• _WORK TASK_
Please write out the full listing beneath this line exactly, skipping its images.
GIVEN DATA Start Marker
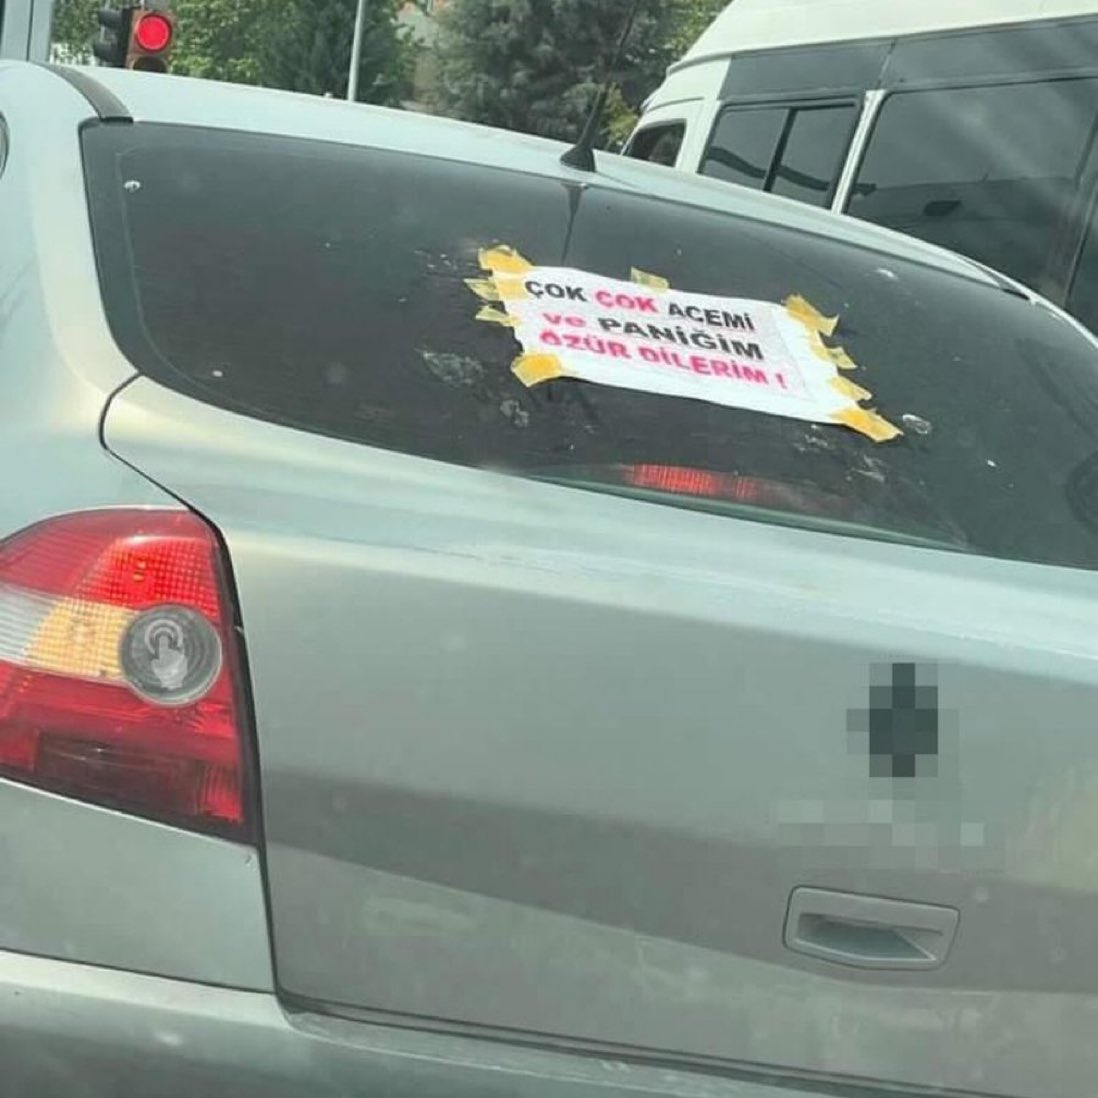 Elazığ'da bir sürücünün aracına astığı yazı:

'Çok çok acemi ve paniğim. Özür dilerim.'
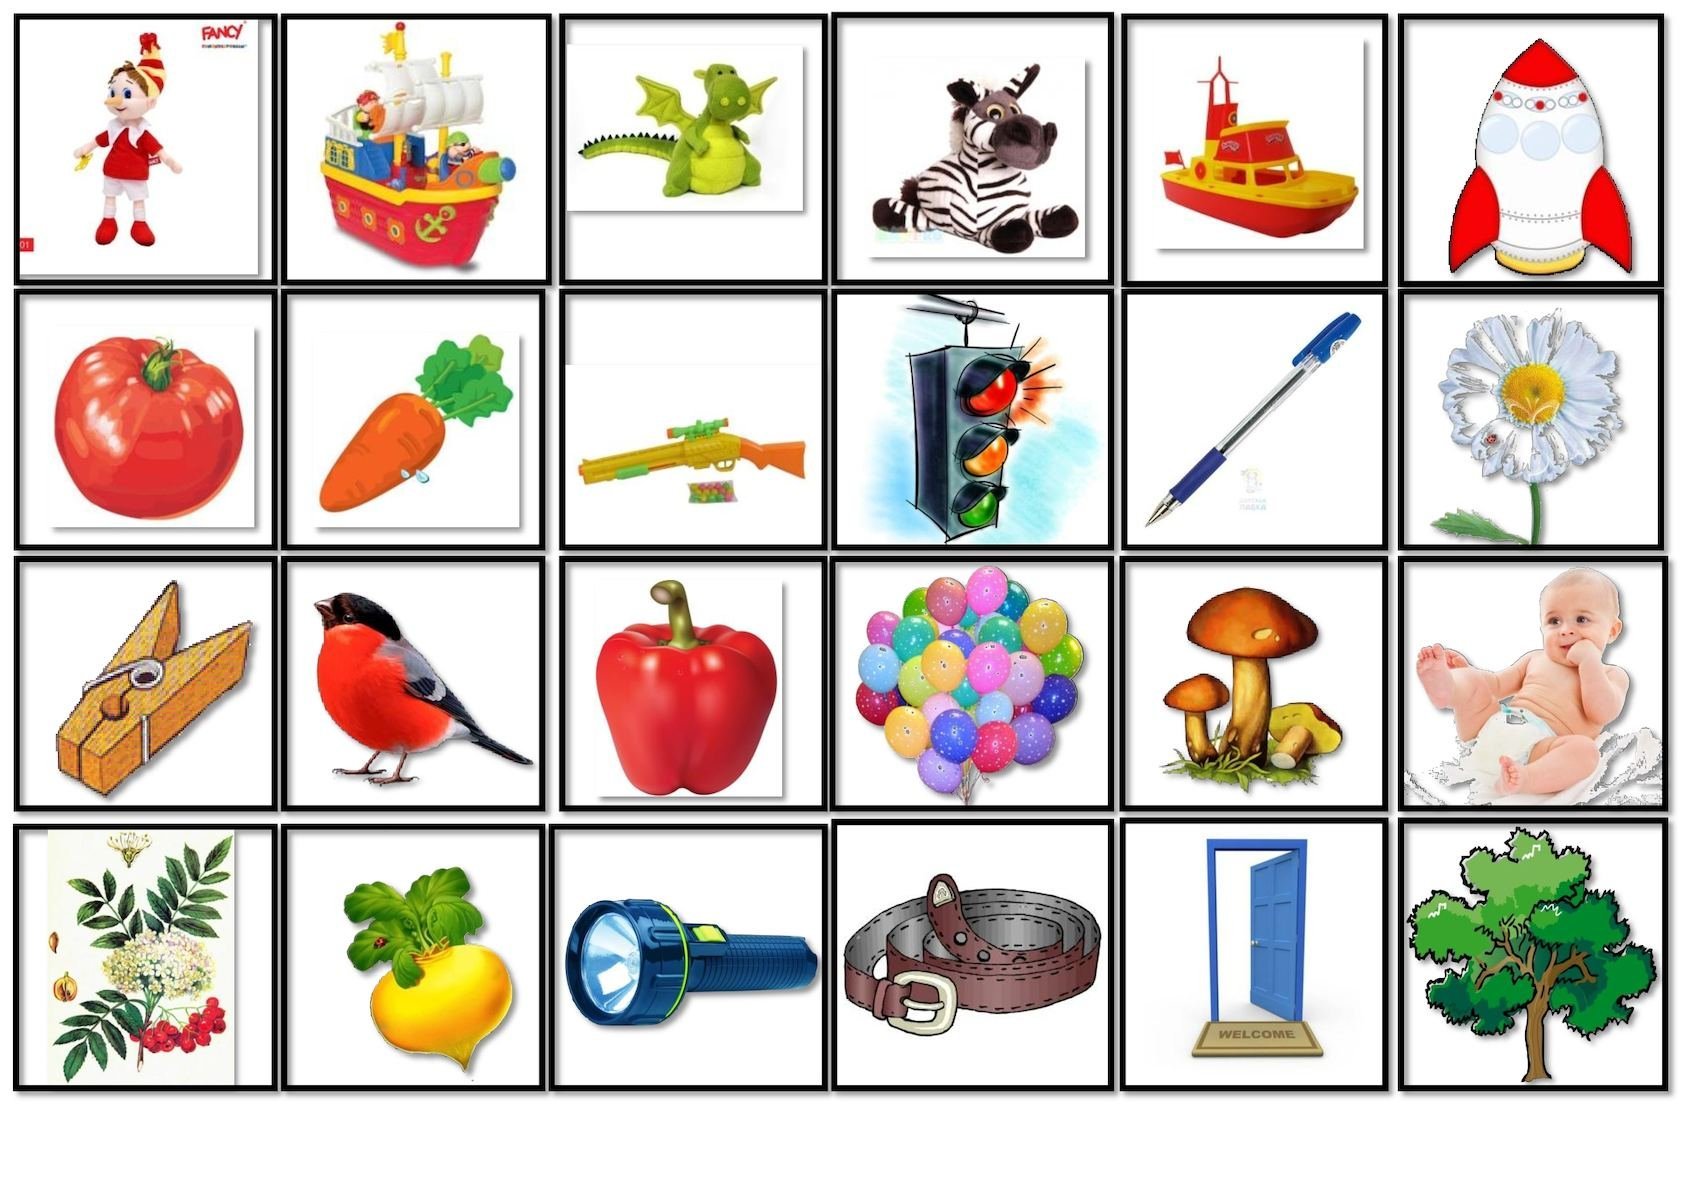 Карточки с изображениями предметов. Карточки с предметами. Карточки "для дошкольников". Карточки с предметами для детей. Набор предметных картинок.
GIVEN DATA End Marker
• _EXERCISE ANSWER_
 Elazığ'da bir sürücünün aracına astığı yazı:

'Çok çok acemi ve paniğim. Özür dilerim.'
 Карточки с изображениями предметов. Карточки с предметами. Карточки "для дошкольников". Карточки с предметами для детей. Набор предметных картинок.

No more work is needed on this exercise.